Of course, one wonders whether this conclave of lesser primates could agree to hand the gavel to anyone, even a troika comprising Taylor Swift, Jesus Christ and Zombie Ronald Reagan.

Still, dumber things have happened, or are being contemplated, and here are a few of them:

• Streets on the moon (The Guardian). Scientists have devised a method to transform that pesky moon dust into solid landing pads and roads. “You might think: ‘Streets on the moon, who needs that?’” said professor Jens Günster of the Federal Institute of Materials Research and Testing in Berlin and co-author of a report on the technique. Right you are, prof.
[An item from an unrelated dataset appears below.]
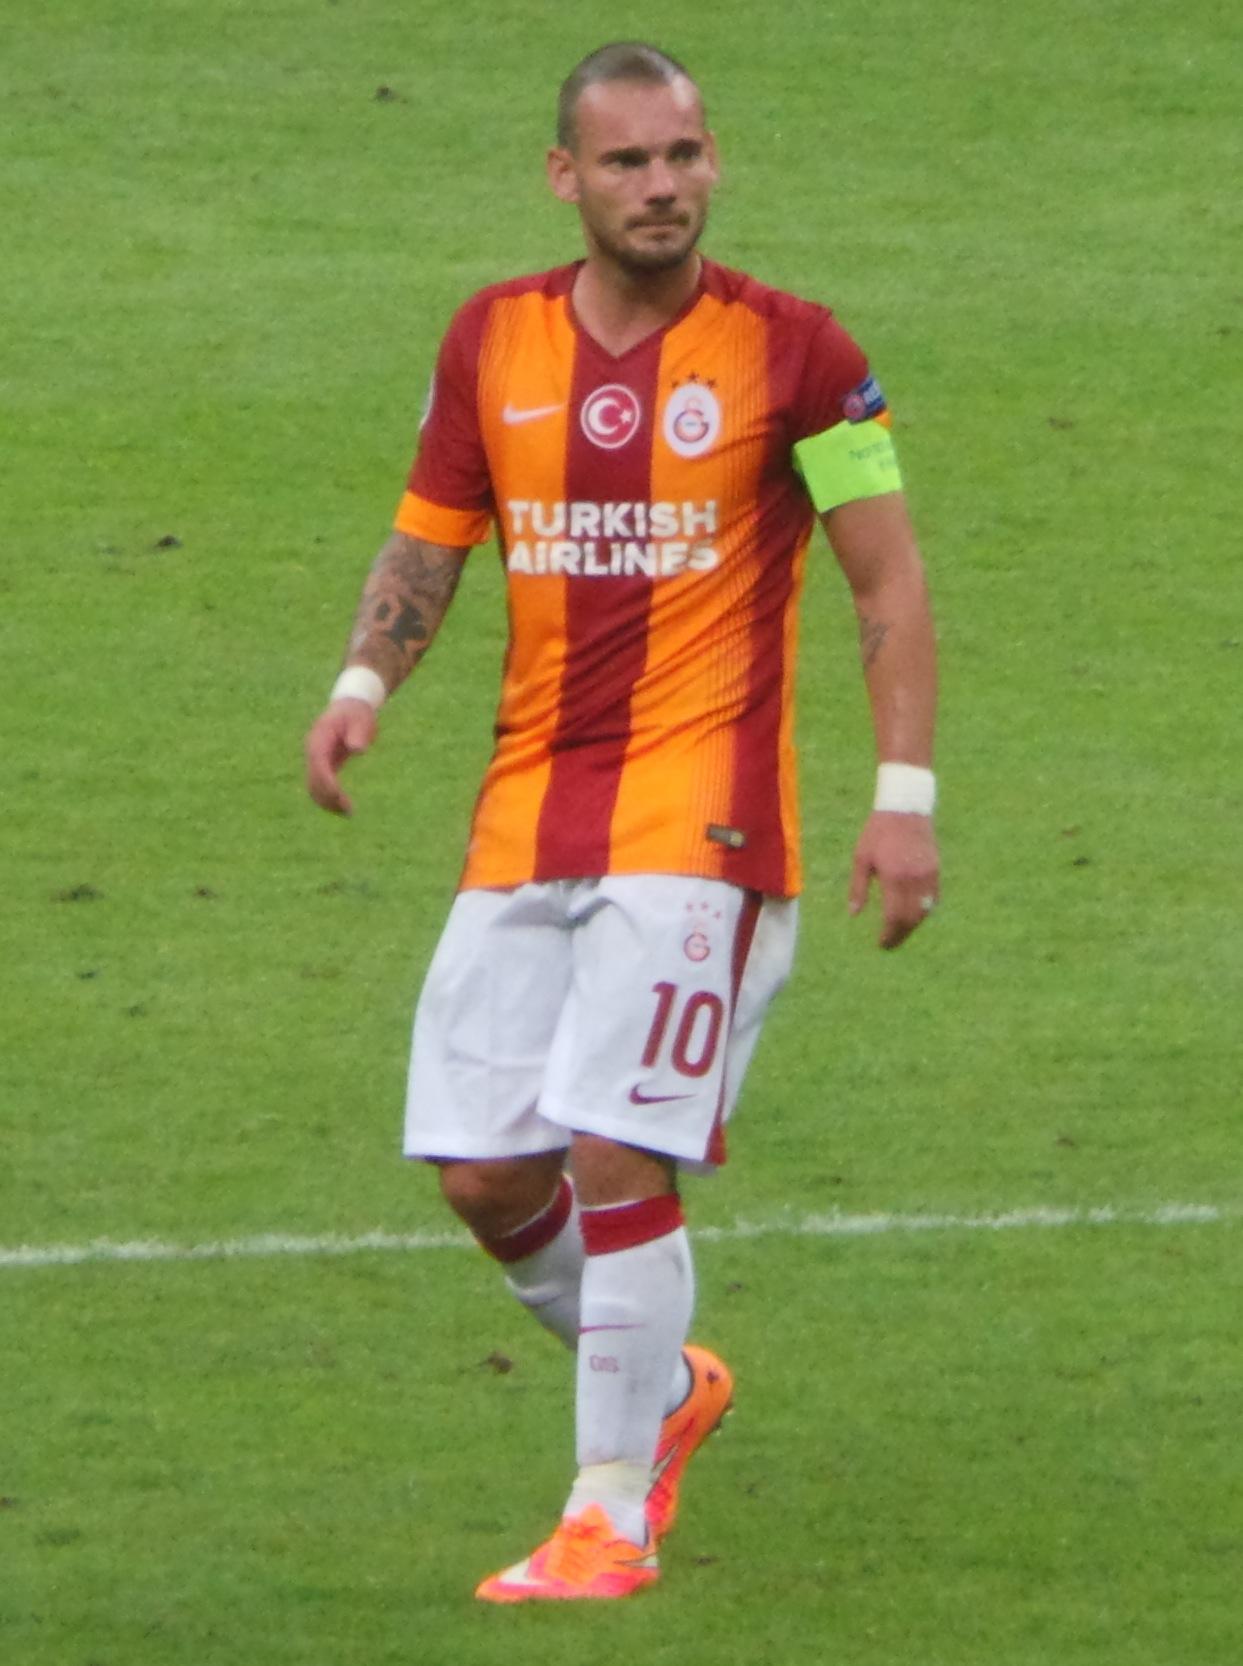 Carles Puyol - Barselona nın kalıcı kaptanı 85

How about repairing a few of the roads we have down here on Terra, where the people are? We can’t even reliably land and maintain a construction crew alongside Interstate 40 west of Albuquerque, much less at Faustini Rim A.

• Throw up, pay up (The Washington Post). Restaurants whose bottomless-mimosa brunches have encouraged bargain boozers to do what drunks do — hurl, blow chunks, call Ralph on the big white phone — are starting to charge for the privilege of engaging in the Technicolor Yawn on their premises. “Welcome to the Vomitorium (a small handling charge will be added to your check).” The Romans got here first, of course, but you know how empires are; always declining, and not just to learn from history, either.

• Go ruck yourself (The New York Times). I’m not quite certain how we transitioned from upchucking to rucking up, but here we are. Wipe your lips, buff the barf off your boots, and shoulder that pack, soldier!  It’s great fun! As long as no angry foreigners are shooting at you. If marching around and about with a heavy pack catches on, I wouldn’t expect a spike in enlistments, but we might see a few new magazines in the Inside Outside Sideways Down portfolio, like Rucking, Rucksacker, and Rucksack Retailer and Industry News. Hey, vulture capitalists gotta eat, and not just at bottomless-mimosa brunches, either.

The bright side

The Morning Star Grocery, our turnaround point.

“Feeling good about government is like looking on the bright side of any catastrophe. When you quit looking on the bright side, the catastrophe is still there.”
P.J. O’Rourke, “Parliament of Whores”

It’s true; the catastrophe remains. The bright side — yesterday, anyway — could be found along NM 337 south of Tijeras.

My fellow velo-geezers and I decided to skip our usual Wednesday spin through the Sandia Foothills in favor of an extended climb to the southeast, from the corner of Homeless and Hungry at the eastern edge of  The Duck! City to the Morning Star Grocery, just past the Carolino Canyon Open Space.

From El Rancho Pendejo we’re talking 42 miles round-trip with about 2,400 feet of vertical gain. I rode down to meet my compañeros at H&H, which Google Maps calls “Tramway and Central.” From there, it’s nothing but rolling hills, wide shoulders, and a single stoplight where Old Route 66 meets NM 337.

This is a two-bottle ride in cool weather, which it was; I started out wearing arm and knee warmers. In summer you can resupply as necessary at Los Vecinos Community Center or the Sandia District ranger station; toilets are available at both spots, too. For anyone feeling the urge at the turnaround there’s a porta-john outside the Morning Star.

The ascent from the stoplight to the grocery, nine miles or thereabouts, reminds me of the climb from Manitou Springs to Cascade, which the Mad Dogs did now and then in the Before-Time, when we still had the mighty legs of mastiffs instead of the quivering pins of Chihuahuas.

But while U.S. 24 has the shoulders of a young Calista Flockhart, NM 337’s shoulders are padded and smooth as a zoot suit, especially since both shoulders and highway recently got a fresh coat of asphalt. We got this intel preride from one of our number who reconned the route last Sunday, solo. Most manly.

One of these days I have to stop and snap some pix of this ride. But in a group I tend to get caught up in aimless chitchat interrupted by minor acts of aggression because hey, we may be old but we’re still cyclists. There will be attacks and counters.

Meanwhile, anyone out there feeling the ravages of time and contemplating an e-bike should know that our senior road warrior, who is 82, covered the whole route without electrical assistance and took his pulls in the paceline on the way back, too.

How’s that for a bright side, younguns?